I can't really give you a recipe for this salad, as it's really just a load of things chucked in a bowl that happened to taste delicious together.
Firstly, I sliced a bulb of fennel really thinly on a mandolin. I dressed it with lemon juice, a drizzle of olive oil, a tiny tiny drop of sesame oil, and lots of salt and pepper (raw fennel with crunchy salt is truly delicious). I mixed in some chopped cherries, then piled this onto a bed of salad leaves. I then scattered over a few more cherries, the roasted cob nuts (hazelnuts would work well too, if you can't find cob nuts), the fennel fronds, and finally placed two big slices of goats' cheese on top (the kind you can buy sliced from a big log in cheese shops).
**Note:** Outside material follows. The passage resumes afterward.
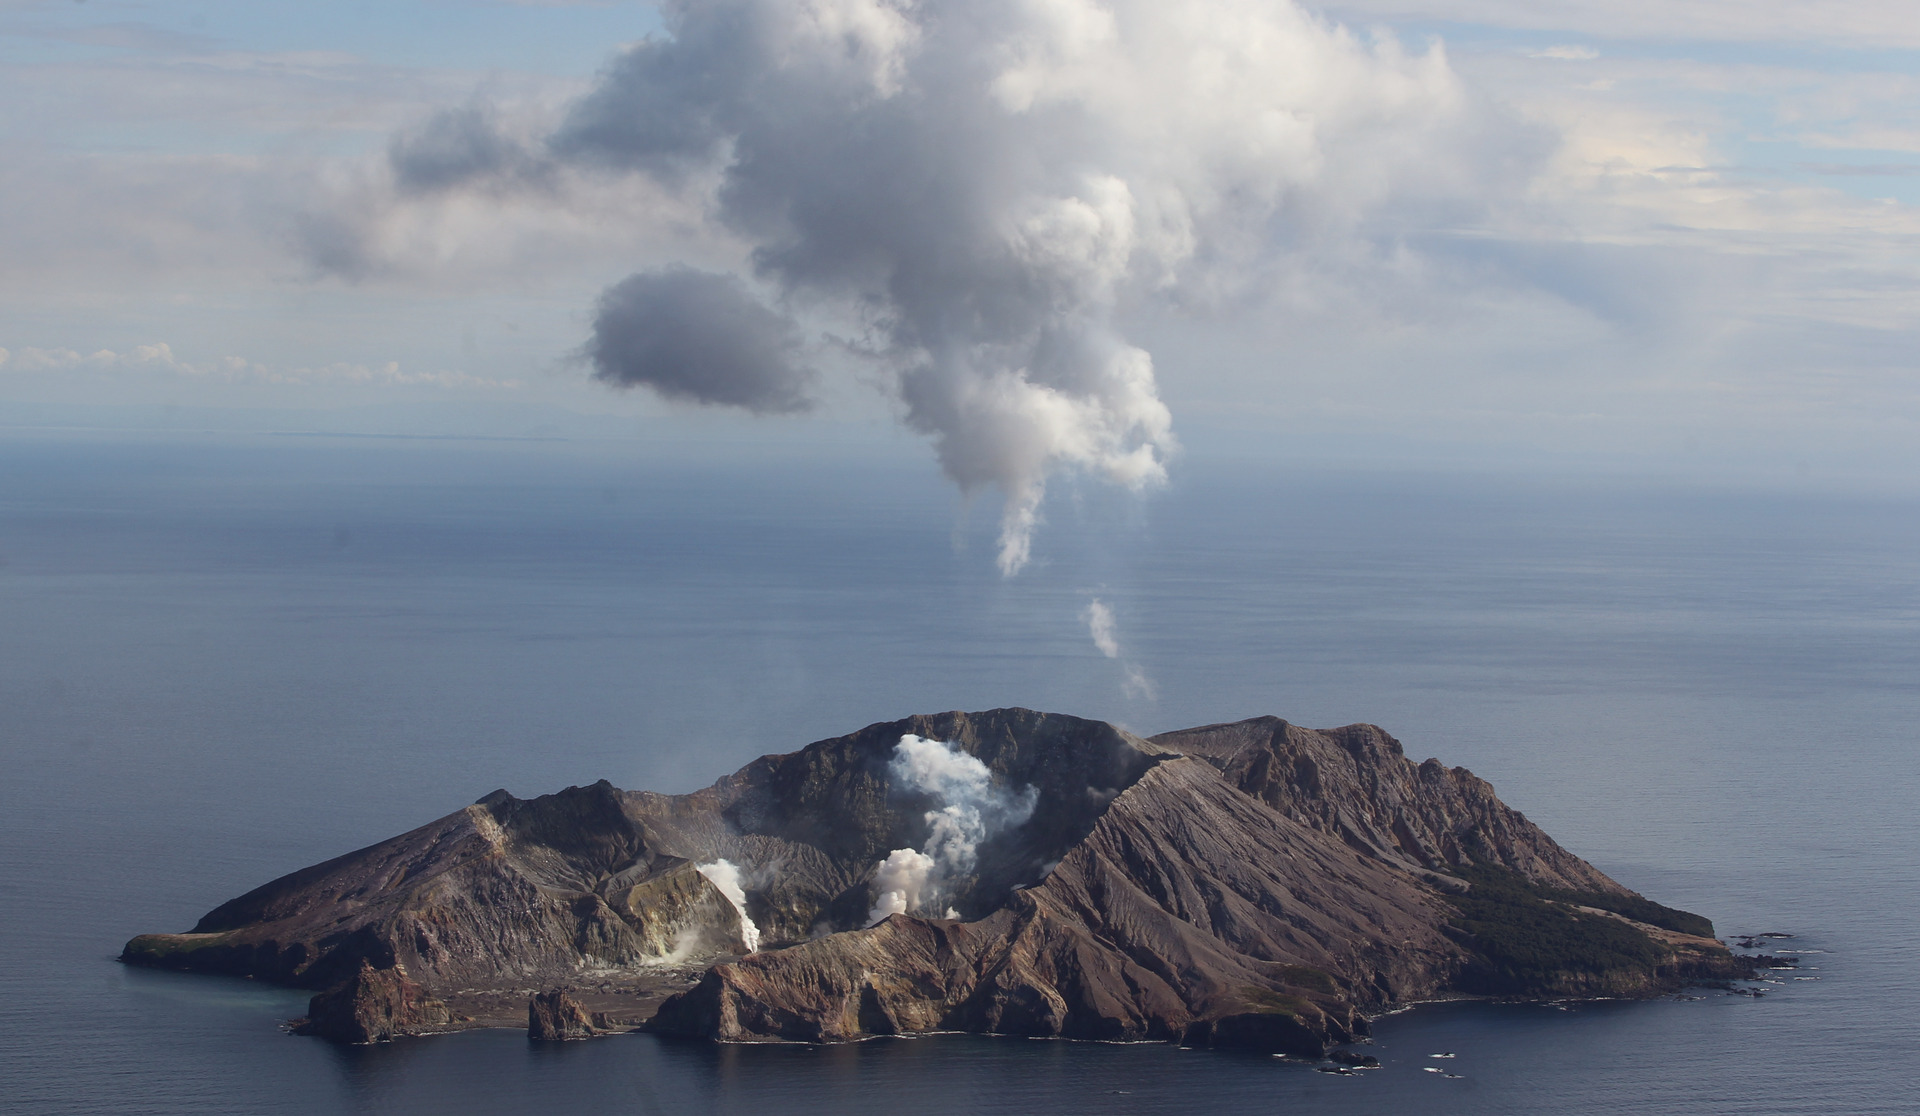 Volcanic alert raised: Activity increases on White Island

I also, because I'm an exhibitionist, melted the cheese slightly with my kitchen blowtorch, but this isn't entirely necessary.
The result? A really excellent lunch for two. It's quite filling on its own, but is also really good with some tasty sourdough bread or a crusty baguette. It might sound like an odd combination of ingredients, but they really work - the sweetness of the cherries (try to get juicy ripe ones) counterbalances the acidity of the fennel and the cheese, as does the liberal use of salt. The nuts provide some crunchy texture, along with the fennel. I might have to make this again soon.
Do you have any particular grammatical bugbears? Or do you find people like me incredibly irritating and think we should just calm down and get a life?